Image copyright © by Marcus Trahan

The Blue Dahlia

(1946)

This was an original screenplay by Raymond Chandler, and an excellent example of the noir genre. Alan Ladd is a veteran returning from the war with two buddies, including William Bendix, who has a head wound, poor impulse control, and gets blinding headaches when he hears “monkey music,” which is jazz, and which I assume is music played by monkeys, i.e., Negroes. Ladd’s tramp of a wife has partied hard all the time he was gone, and their son died when she was driving drunk. When he learns this, he leaves her, but somebody kills her and he is the suspect. He hooks up with Veronica Lake. Except for a slightly over-the-top Bendix and the tramp wife, the overacting so often seen in this type of movie is mostly avoided. Alan Ladd gives a good, restrained performance.

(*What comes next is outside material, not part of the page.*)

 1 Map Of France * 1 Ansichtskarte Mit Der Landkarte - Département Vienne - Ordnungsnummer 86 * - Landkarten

I’ve loved Veronica Lake since I saw her in Sullivan’s Travels. Her trademark over-one-eye “peekaboo” platinum blonde hair inspired a whole generation of young women to bleach and comb-over. The story is that the War Department asked her to stop wearing it like that, as it was dangerous when women war workers imitated it. Look at this: https://www.youtube.com/watch?v=mgpvKXLTwr8&feature=PlayList&p=50E64BCF58354129&playnext_from=PL&playnext=1&index=1.

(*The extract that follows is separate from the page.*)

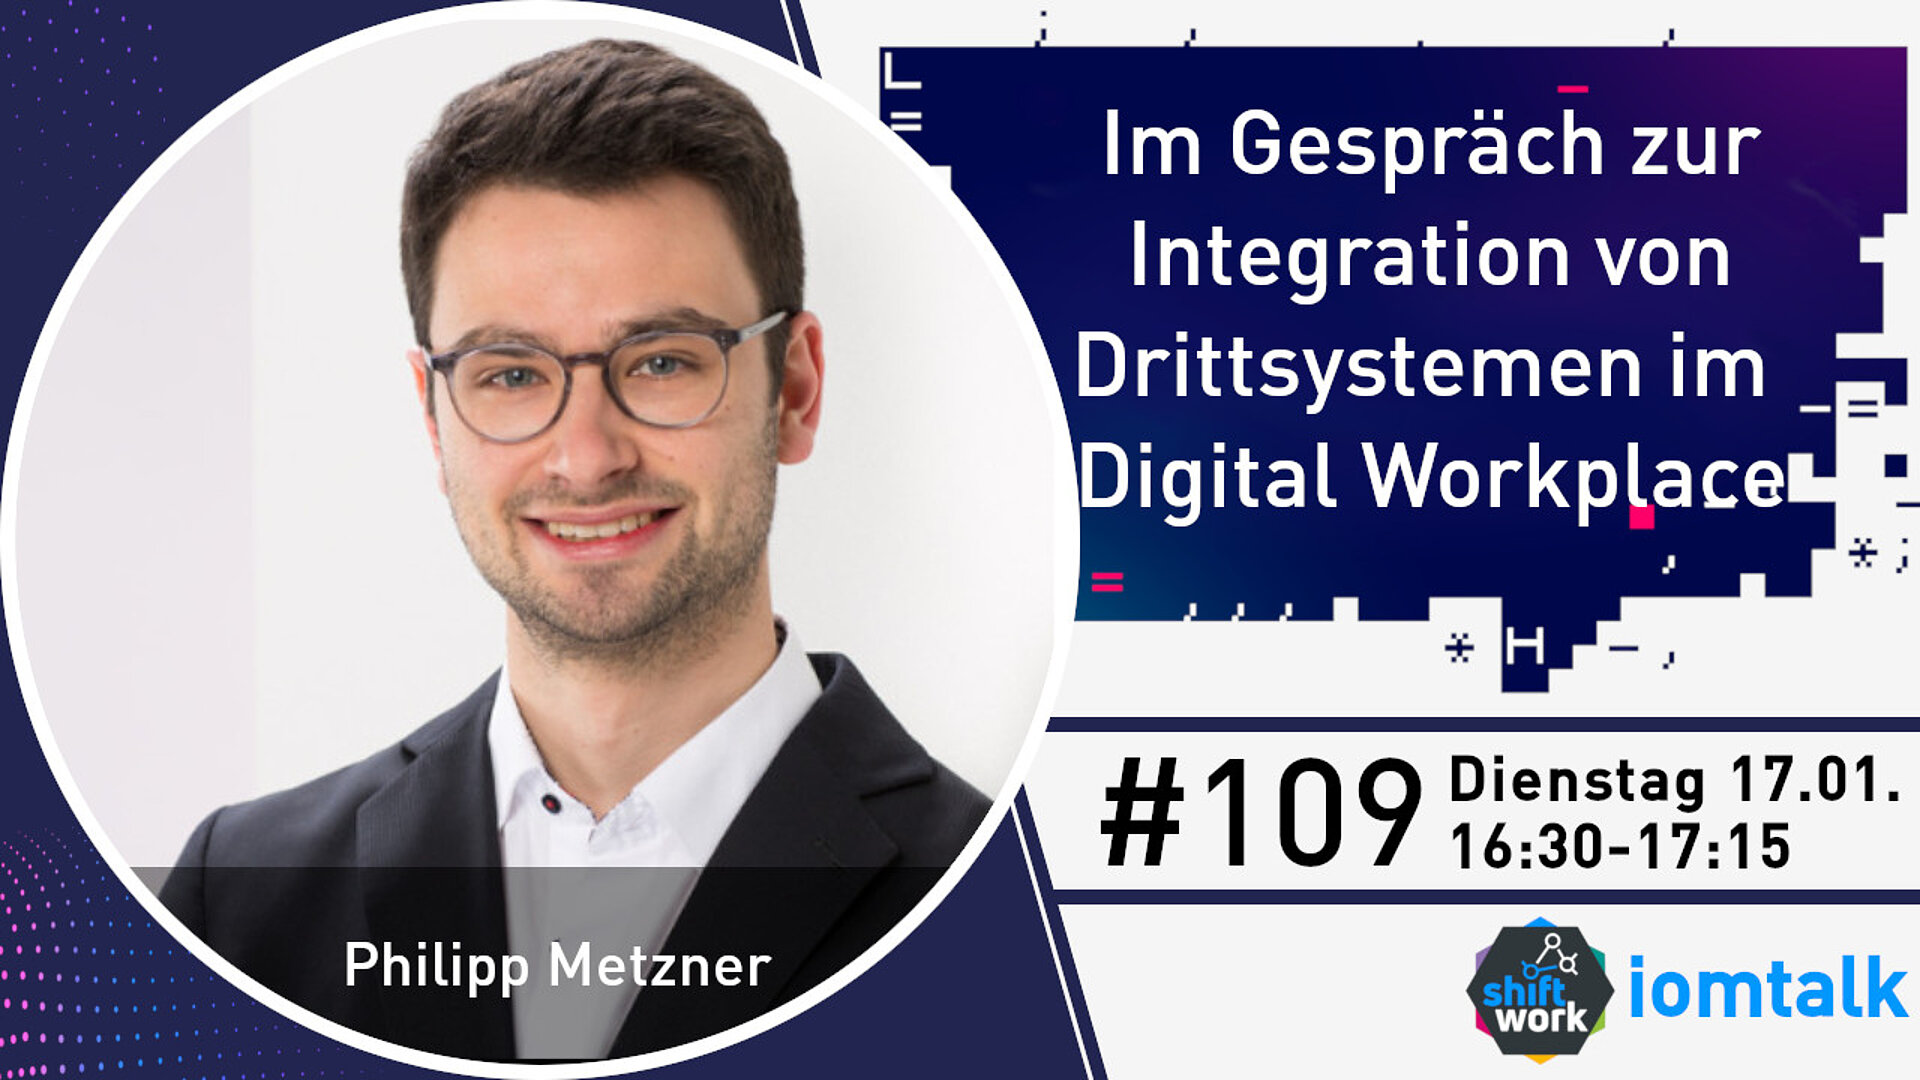 Im Gespräch mit Philipp Metzner zur Integration von Drittsystemen in den digitalen Arbeitsplatz

She was paired with Alan Ladd four times, mostly because he was only 5’5”, and at 4’11” she was the only female star on the Paramount lot he could do a romantic scene with without standing on a box. I was saddened when I learned of her alcoholic decline and lost career, that finally saw her waiting tables, and then starring one of the worst movies ever made: Flesh Feast.